Blend slowly closed her eyes a second time. Oh, she was hurting, and a lot of that hurt couldn't be sewn up. They caught us. 'Picker'
'They slaughtered everyone, Blend. People with nothing but bad luck being here tonight. Skevos, Hedry, Larmas, little Boothal. All to take us down.'
From up the street came a squad of City Guard, lanterns swinging.
For such a scene as Blend was looking out on right now, there should be a crowd of unlookers, the ones hungry to see injured, dying people, the ones who fed on such things. But there was no one.
Because this was Guild work.
'Some of us are still breathing,' Blend said. 'It's not good to do that. Leave some marines still breathing.'
'No, it's not good at all.'
Blend knew taht tone. Still, she wondered. Are we enough? Is there enough in us to do this? Do we still have what's needed? They'd lost a healer and a mage this night. They'd lost the best of them. Because we were careless. - TtH, attack on Krul's Bar. The whole scene where the survivors gather to bury them hit me hard as well.

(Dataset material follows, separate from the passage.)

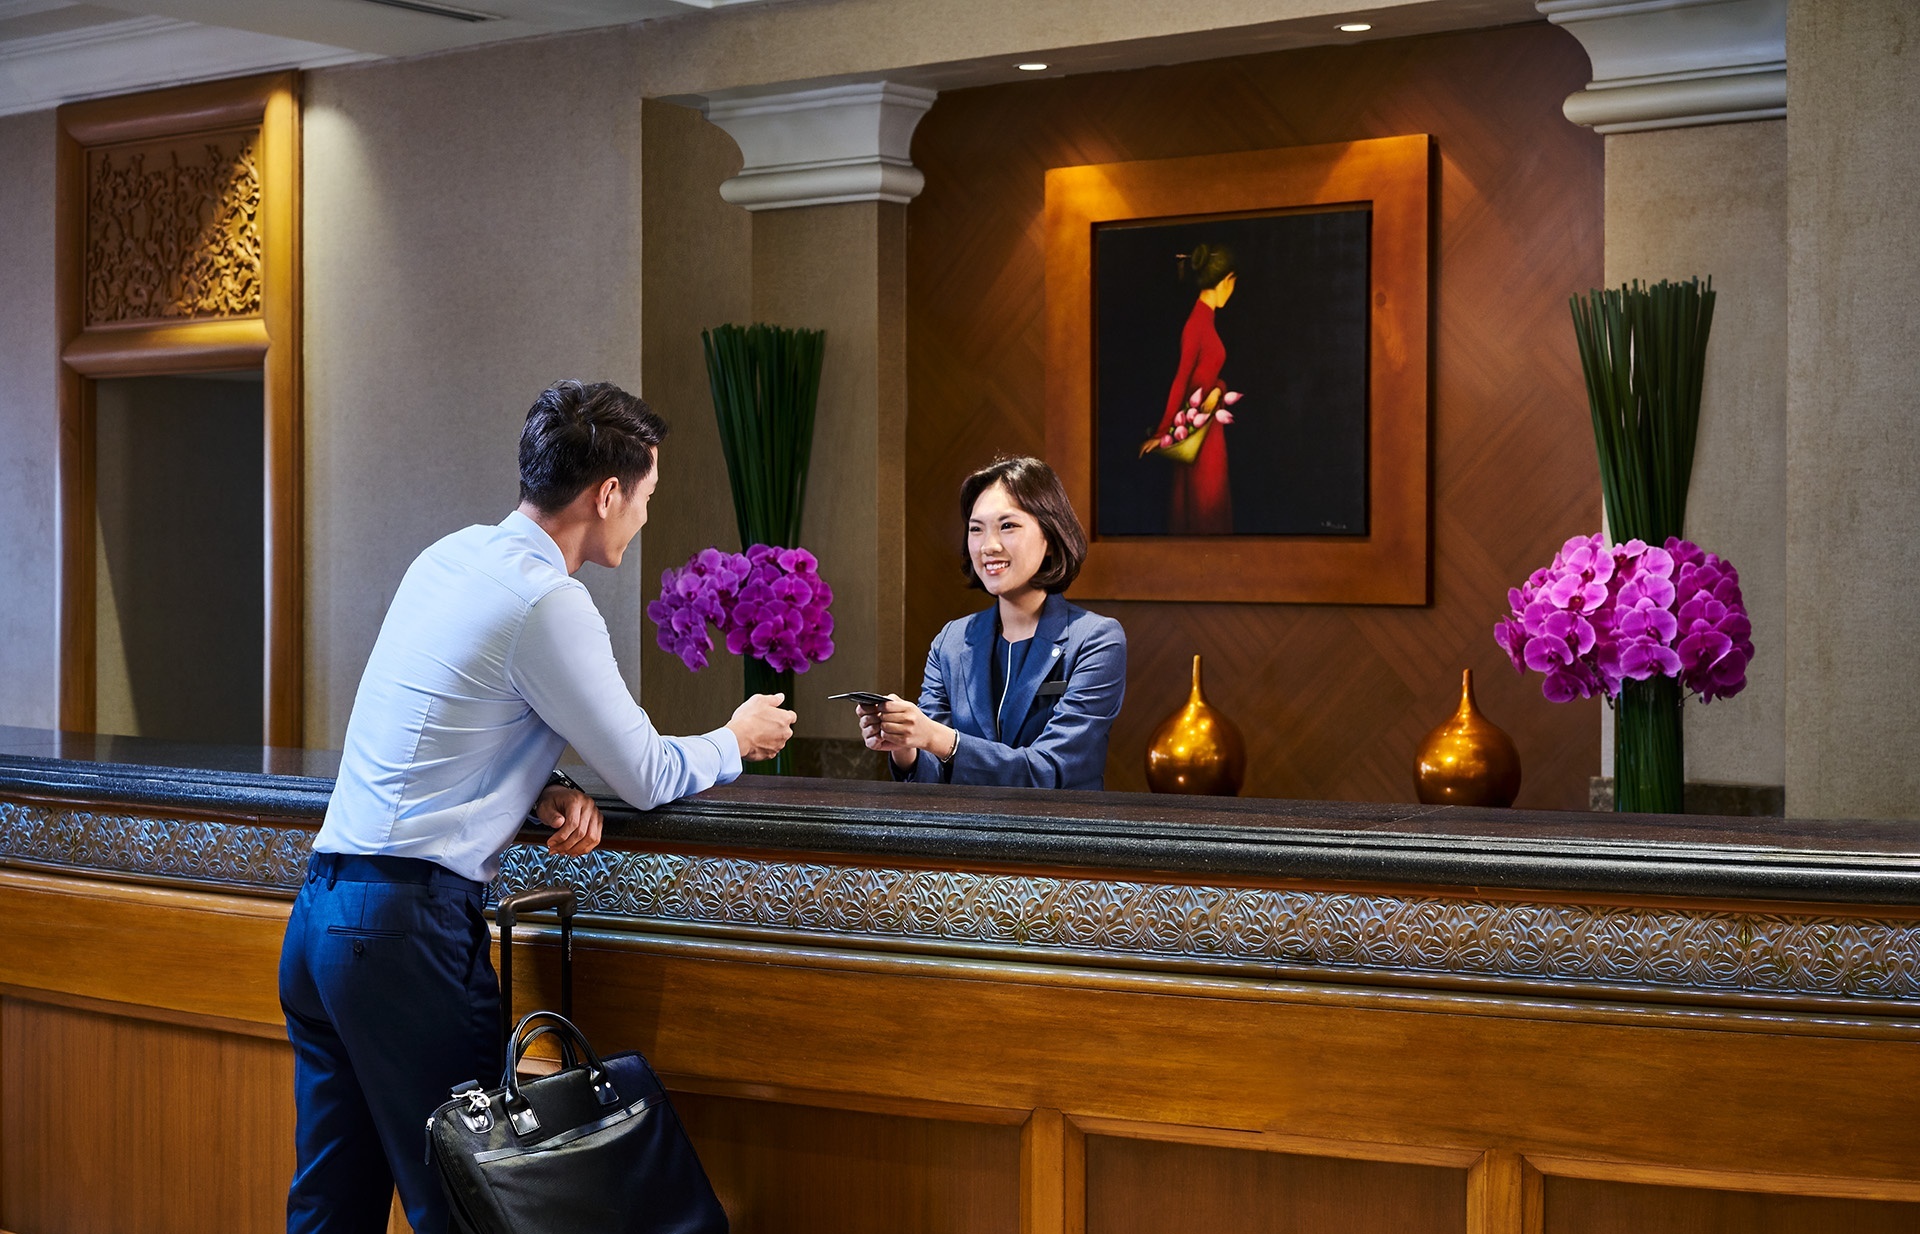 Marriott International Hotels to develop high-quality human resources for hospitality
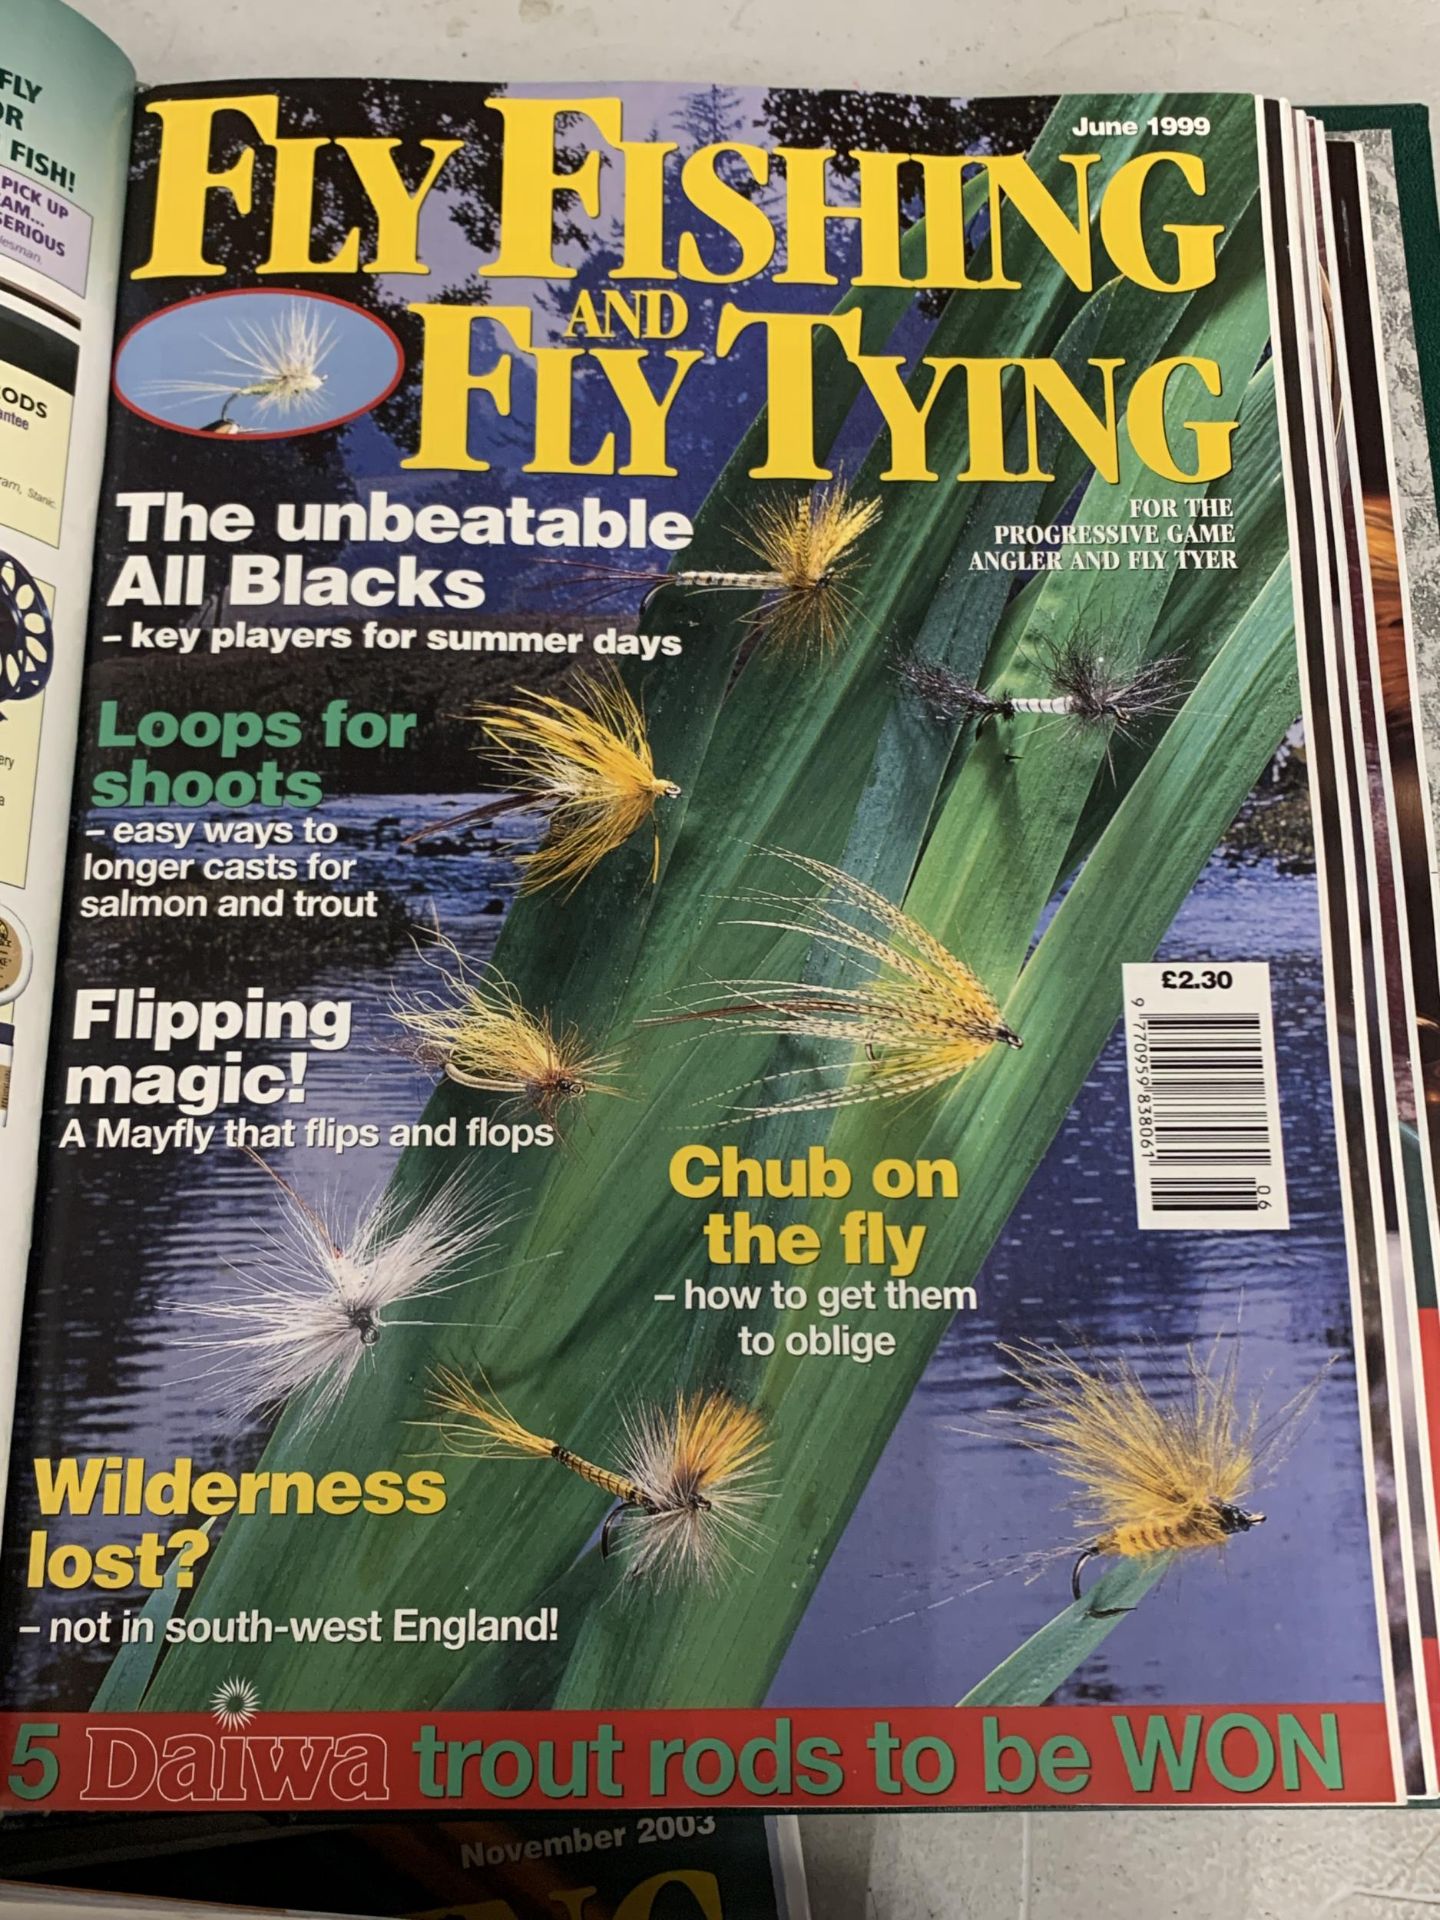 A LARGE COLLECTION OF FISHING MAGAZINES TO INCLUDE "TROUT FISHERMAN" AND "FLY FISHING AND FLY TYING" - Image 3 of 6

"Torn loose from the Malazan Empire, from Onearm's Host, the bedraggled clutch of survivors that was all that remained of the Bridgeburners had dragged their sorry backsides to Darujhistan. They found for themselves a cave where they could hide, surrounded by a handful of familiar faces, to remind them of what had pushed them each step of the way, from past to the present. And hoping it would be enouhg to take them into the future, one hesitant, wayward step at a time.
Slash knives into the midst of that meager, vulnerable clutch, and it just falls apart.
Mallet. Bluepearl." - TtH, Picker's thoughts while her soul drifts
Oh, what war does to people sniff sniff
Lives and loves, the gamut of existence was marked by such things. A breaking of paths, the ragged, uneven ever-forward stumble. Blood dried, eventually. Turned to dust. The corpses of kings were laid down and sealed in darkness and set away, to be forgotten. Graves were dug for fallen soldiers, vast pits like mouths in the earth, opened in hunger, and all the bodies were tumbled down, each exhaling a last gasp of lime dust. Survivors grieved, for a time, and looked upon empty rooms and empty beds, the scattering of possessions no-one possessed any longer, and wondered what was to come, what would be written anew on the wiped-clean slate. Wondering, how can I go on?